| Recorded information |
= Beginning of Section =
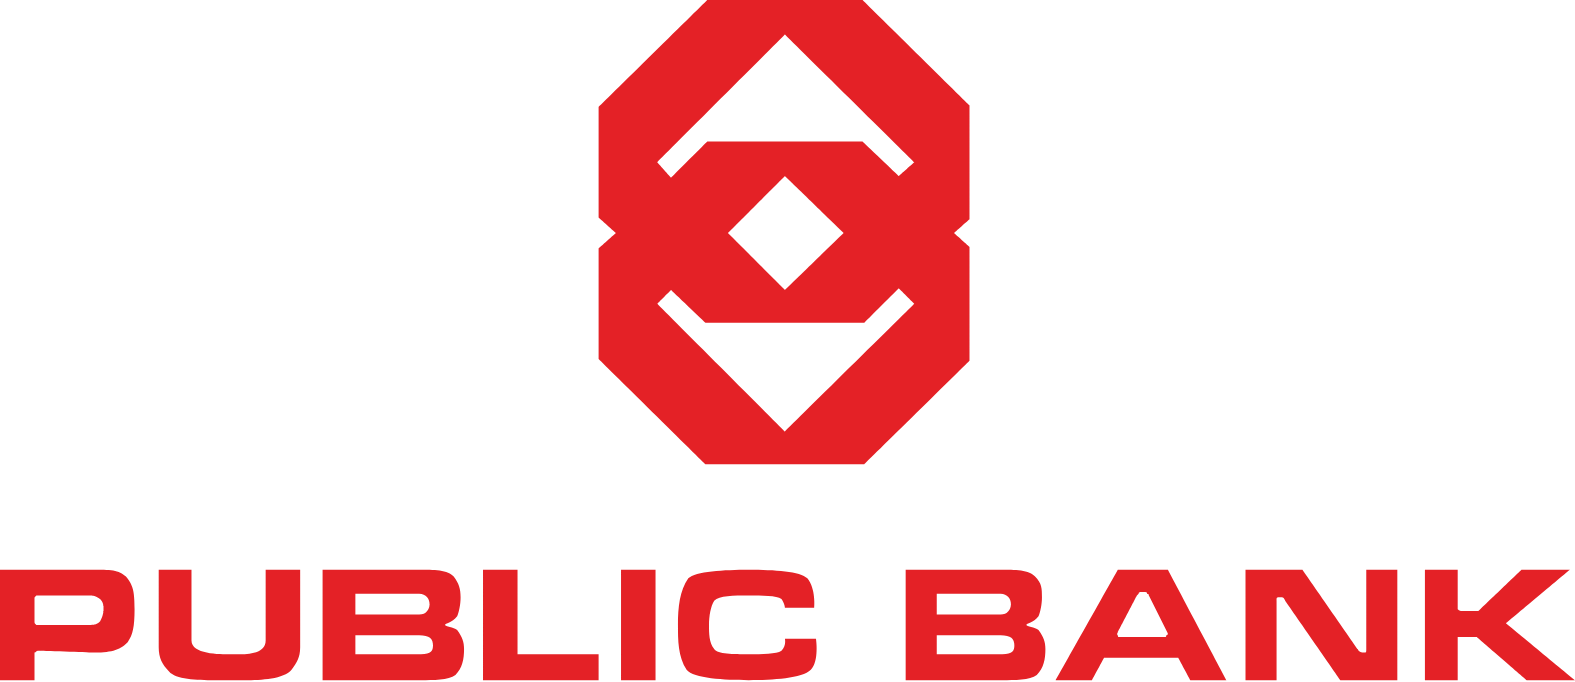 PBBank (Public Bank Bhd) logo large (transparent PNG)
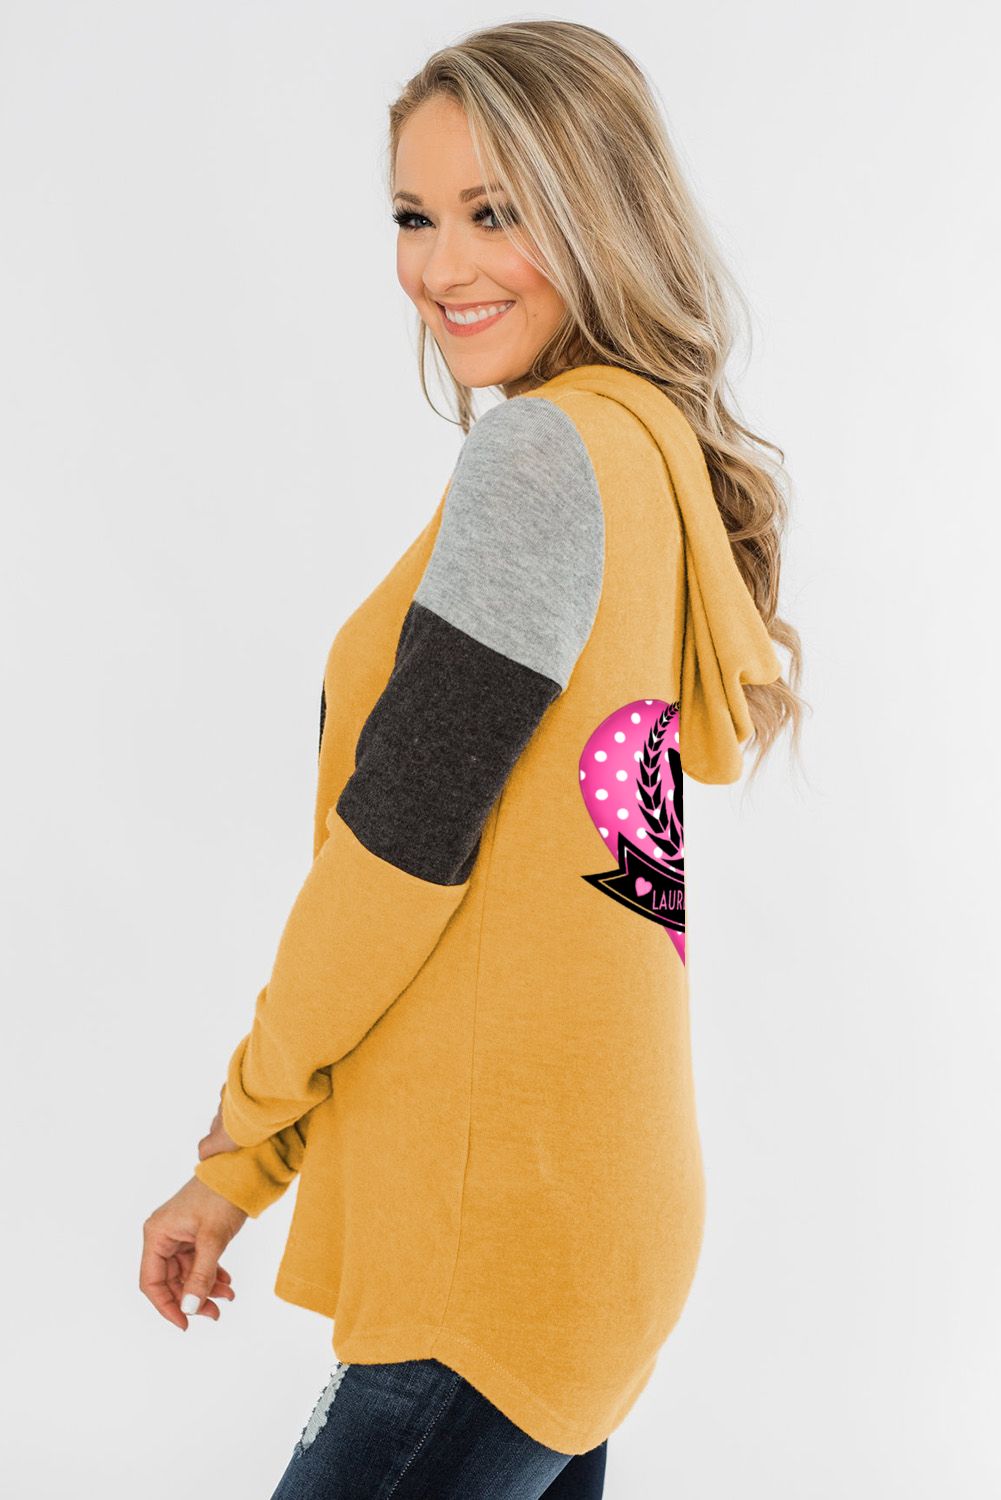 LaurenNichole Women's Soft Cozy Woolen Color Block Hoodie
= End of Section =
= Beginning of Section =
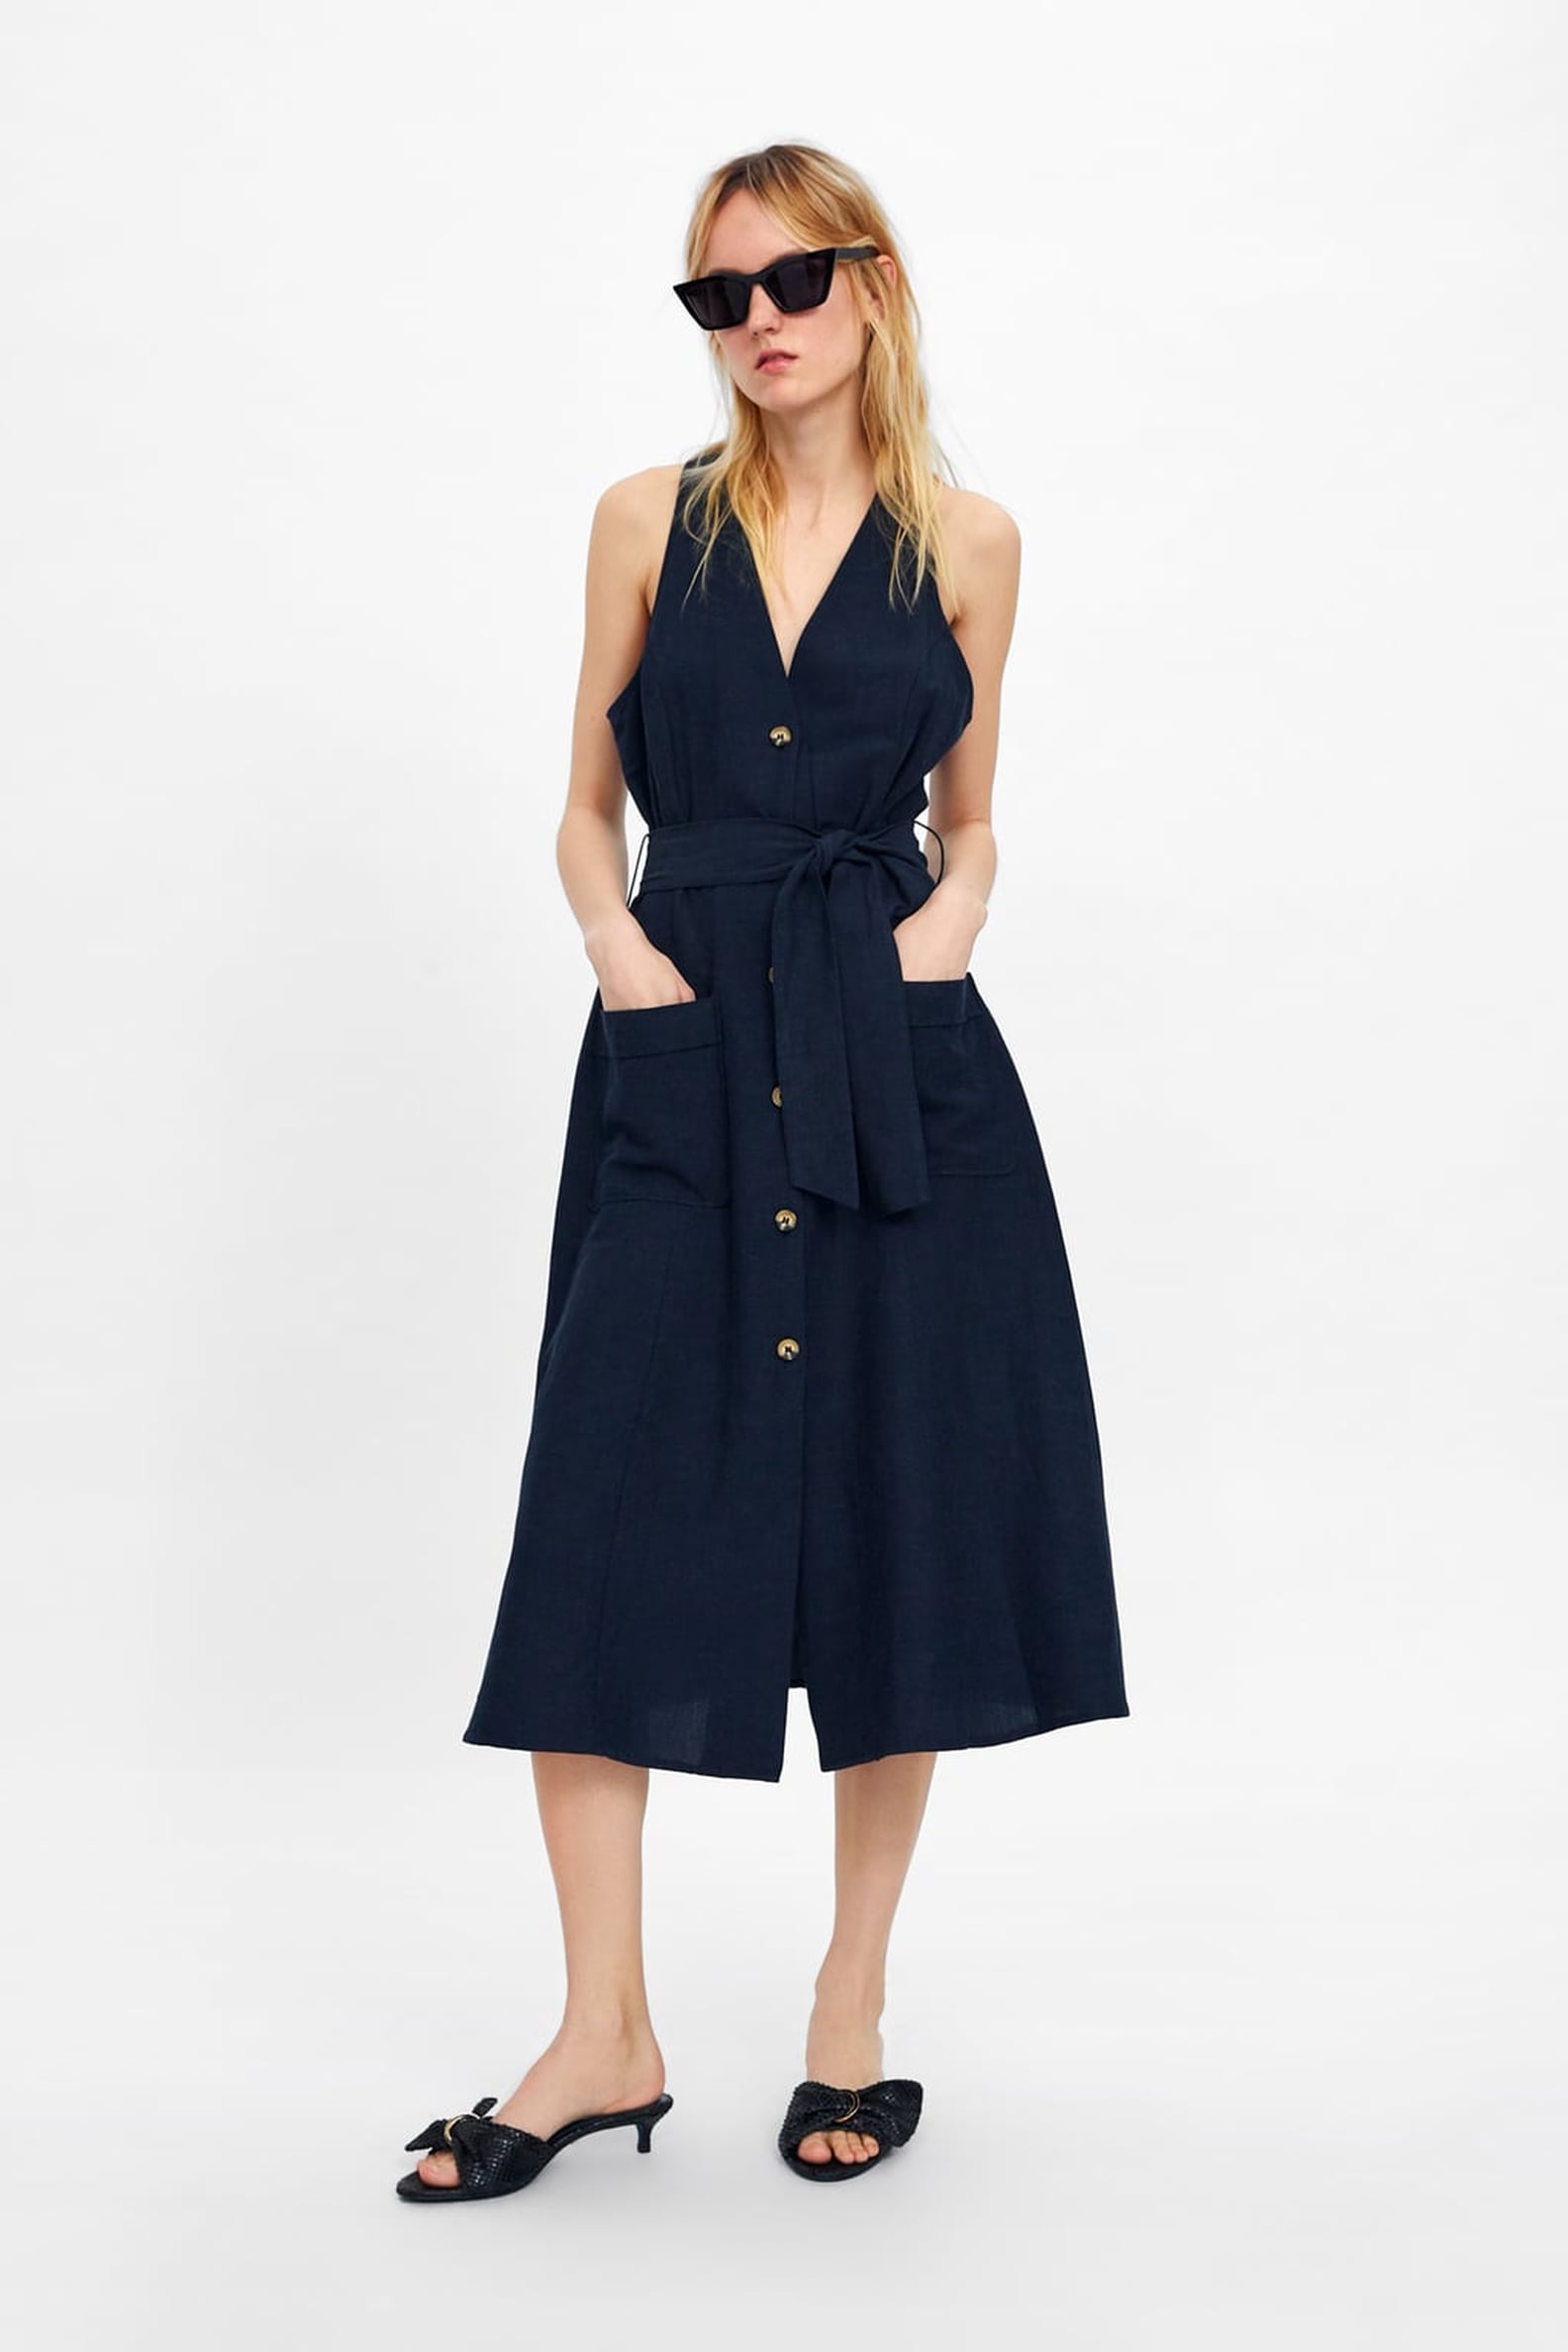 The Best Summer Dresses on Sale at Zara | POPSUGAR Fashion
= End of Section =
= Beginning of Section =
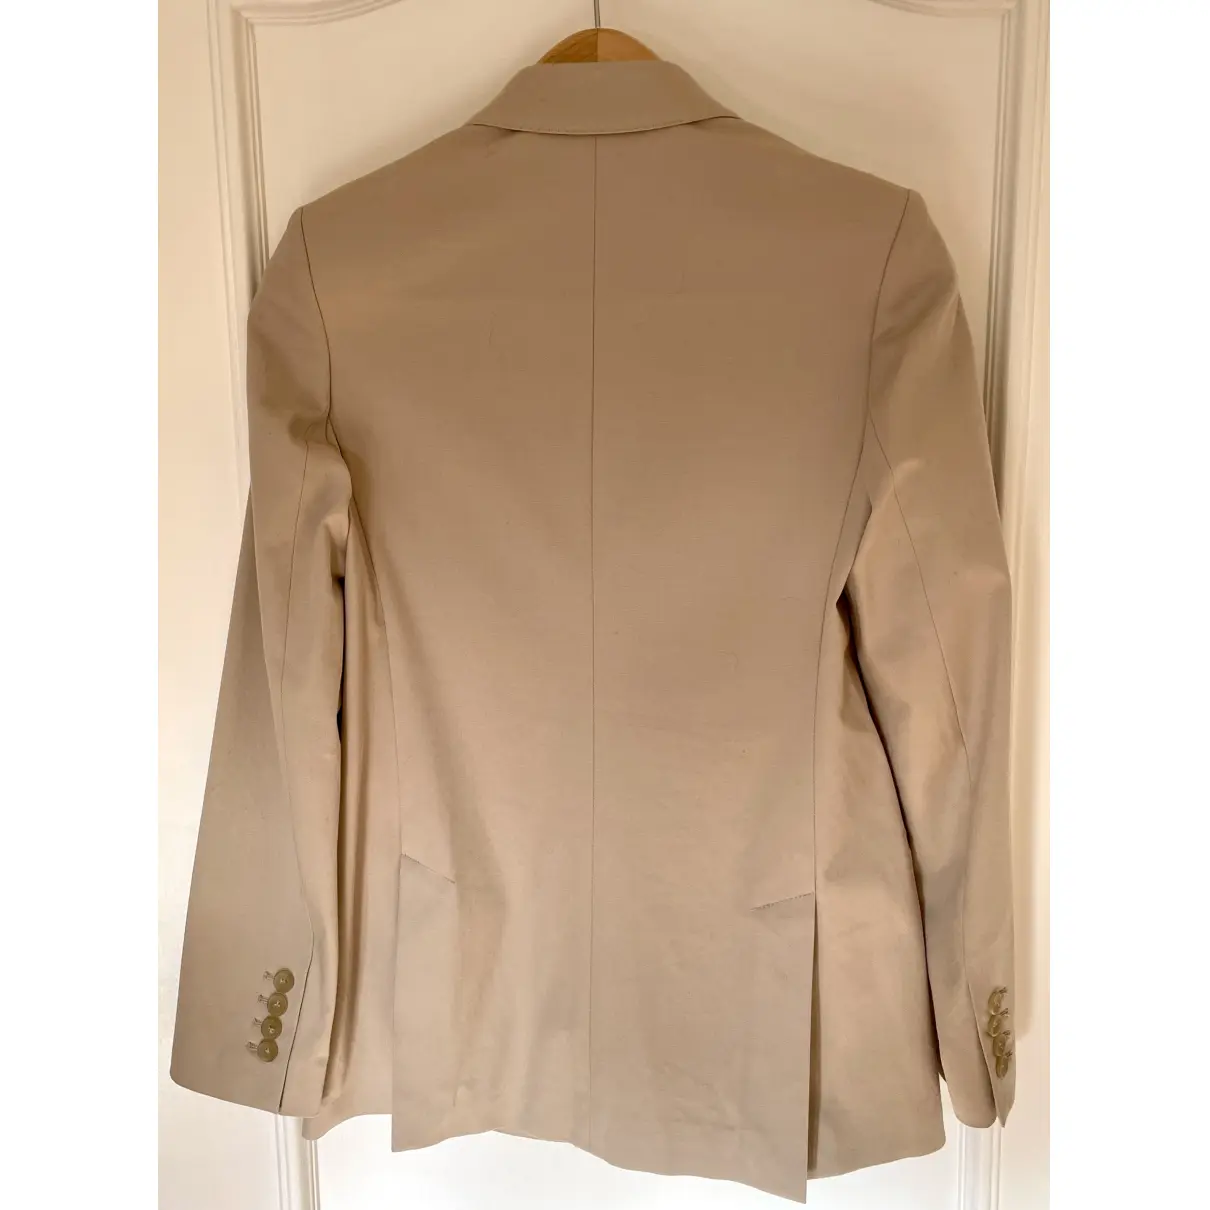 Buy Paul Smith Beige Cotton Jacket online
= End of Section =
| Work item |
Among the entries above, take the line with "PBBank (Public Bank", the line with "LaurenNichole Women's Soft", and all the lines between them, and restate them word for word without pictures.

| Task answer |
 PBBank (Public Bank Bhd) logo large (transparent PNG)
 LaurenNichole Women's Soft Cozy Woolen Color Block Hoodie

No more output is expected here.